■ **REQUIREMENT**
An exact copy of the listing below is the answer, with the pictures removed.

■ **DATA BLOCK**
-- Opening Marker --
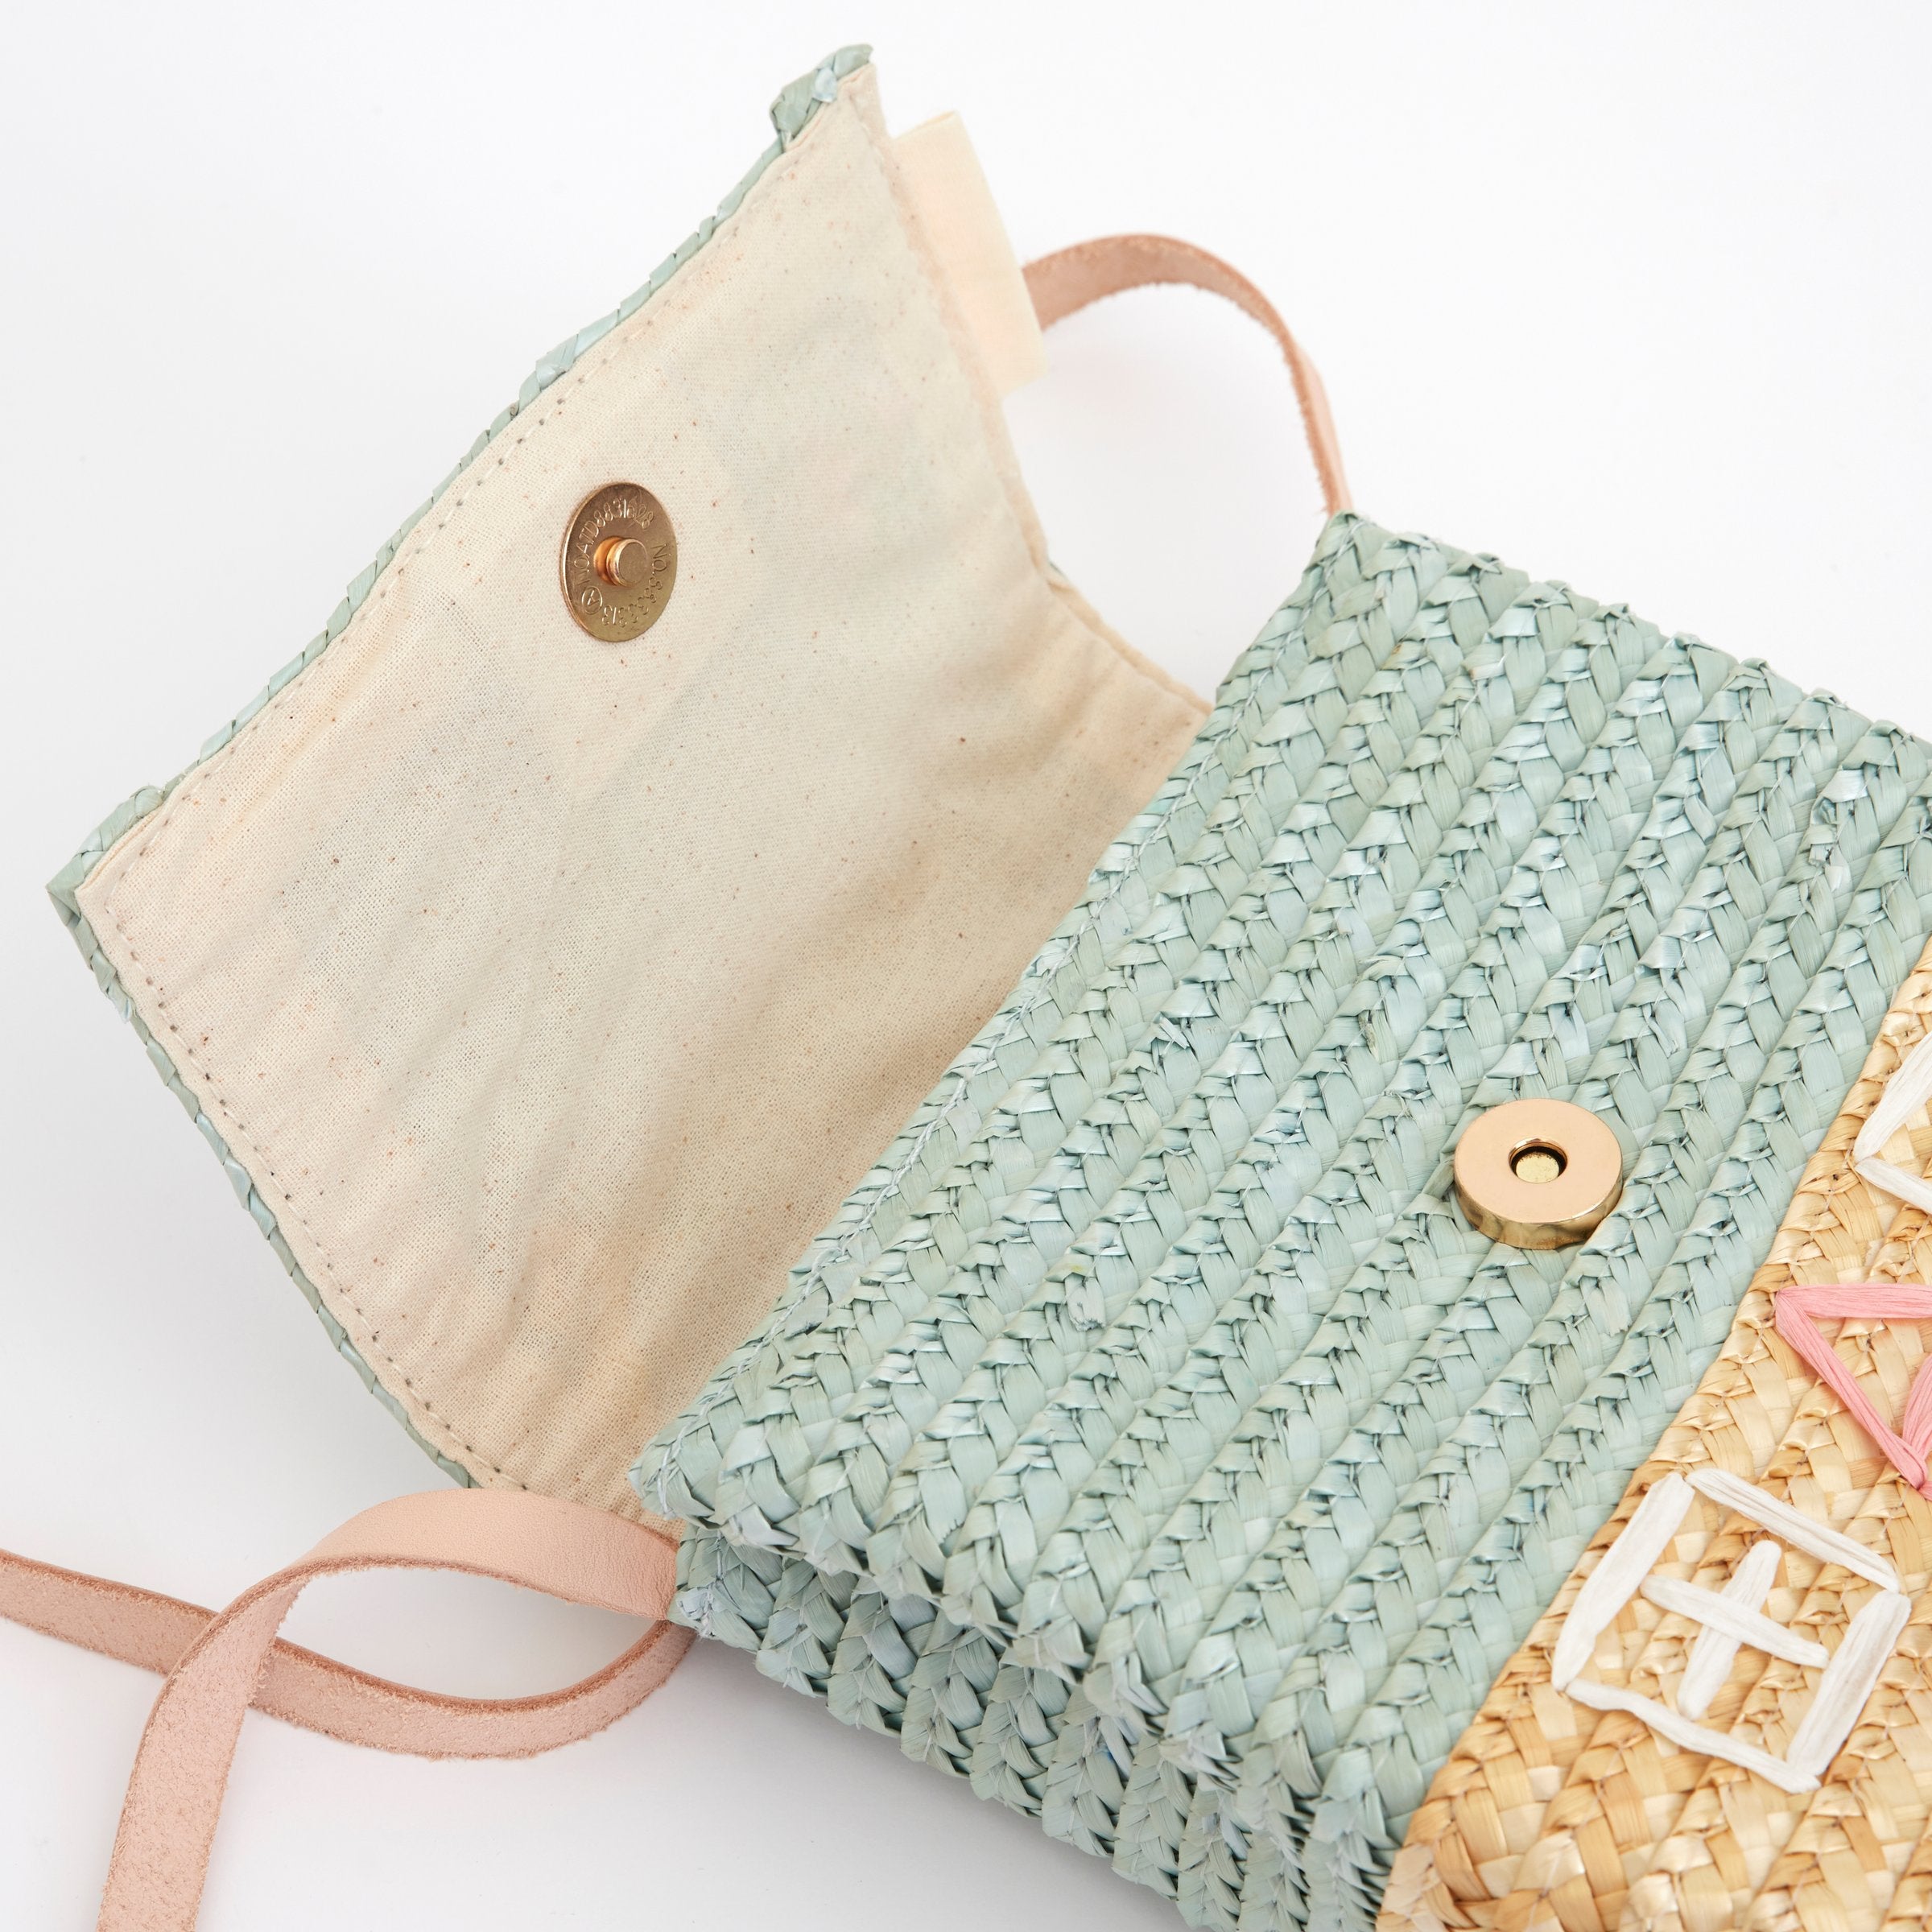 Our kids handbag, crafted from straw, is made to look like a pretty cottage.
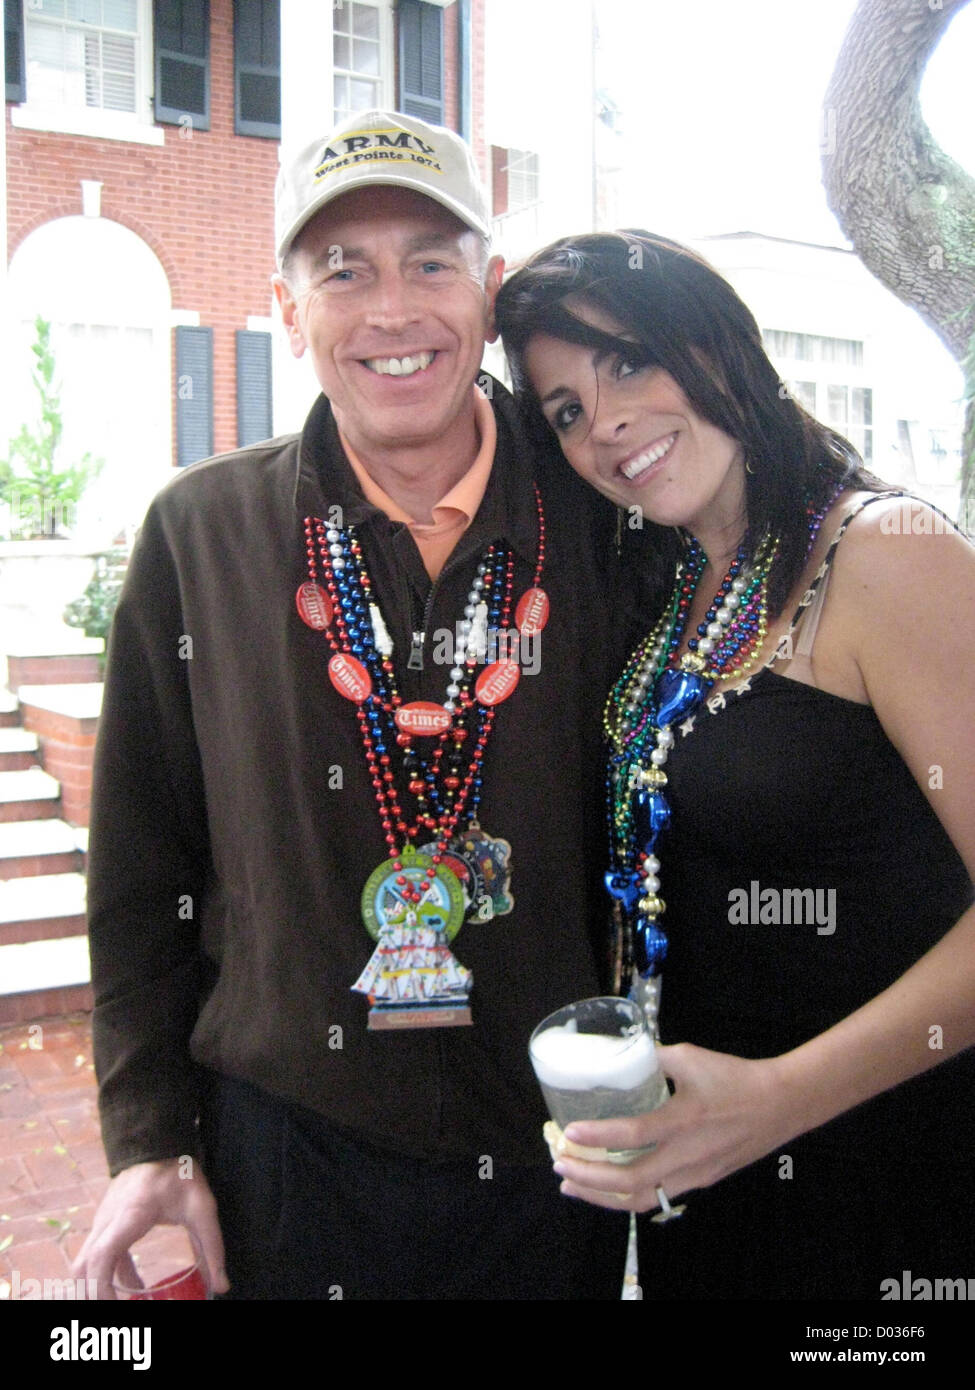 Nov 13, 2012 - JILL KELLEY is identified as the woman who is said to have received threatening emails from Gen. David Petraeus' paramour, Paula Broadwell. She serves as the State Department's liaison to the military's Joint Special Operations Command. PICTURED: Gen. DAVID PETRAEUS was a guest of socialite JILL KELLEY to watch Tampa's annual pirate invasion, Gasparilla, from her Bayshore Boulevard residence on January 30, 2010. Kelley and her husband Scott struck up a friendship with Petraeus and his wife, Holly, when they were stationed at MacDill AFB, and considered the couple to be like fami Stock Photo
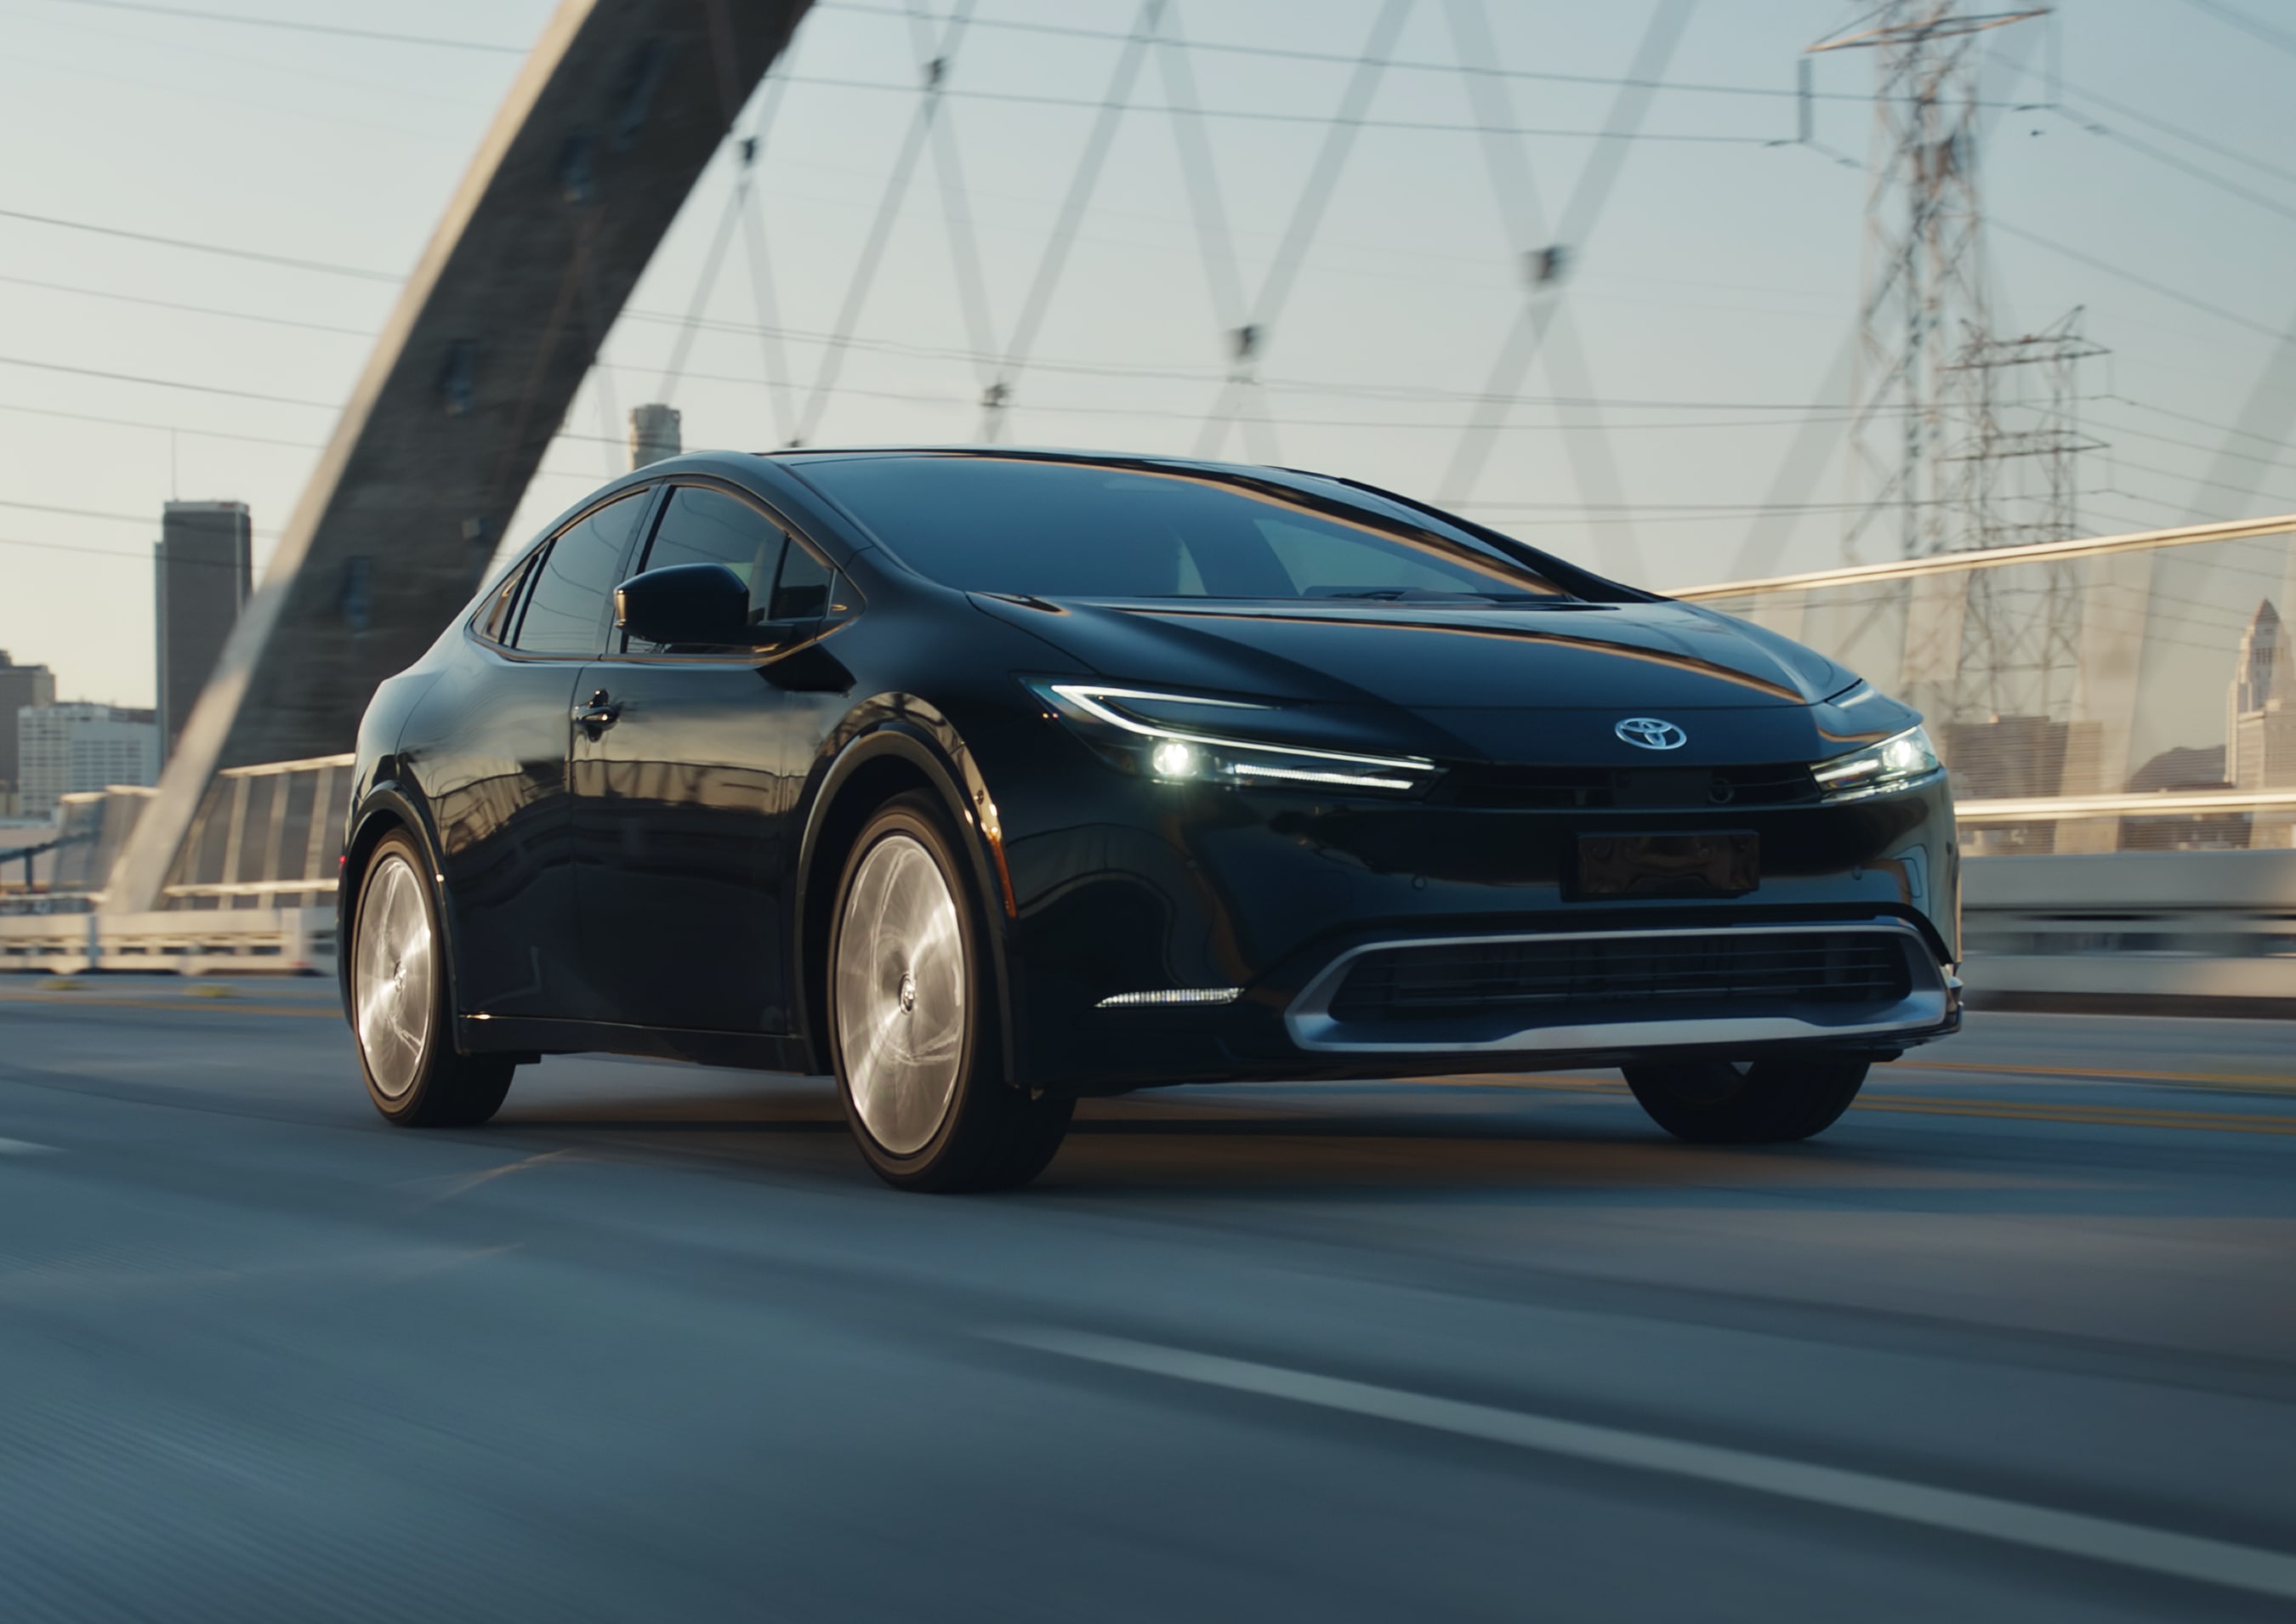 Toyota’s spot “Black Sheep” was developed by Saatchi & Saatchi as part of the integrated 2023 Prius and Prius Prime campaign, “This is Prius Now.”
-- Closing Marker --
■ **RESPONSE AREA**
 Our kids handbag, crafted from straw, is made to look like a pretty cottage.
 Nov 13, 2012 - JILL KELLEY is identified as the woman who is said to have received threatening emails from Gen. David Petraeus' paramour, Paula Broadwell. She serves as the State Department's liaison to the military's Joint Special Operations Command. PICTURED: Gen. DAVID PETRAEUS was a guest of socialite JILL KELLEY to watch Tampa's annual pirate invasion, Gasparilla, from her Bayshore Boulevard residence on January 30, 2010. Kelley and her husband Scott struck up a friendship with Petraeus and his wife, Holly, when they were stationed at MacDill AFB, and considered the couple to be like fami Stock Photo
 Toyota’s spot “Black Sheep” was developed by Saatchi & Saatchi as part of the integrated 2023 Prius and Prius Prime campaign, “This is Prius Now.”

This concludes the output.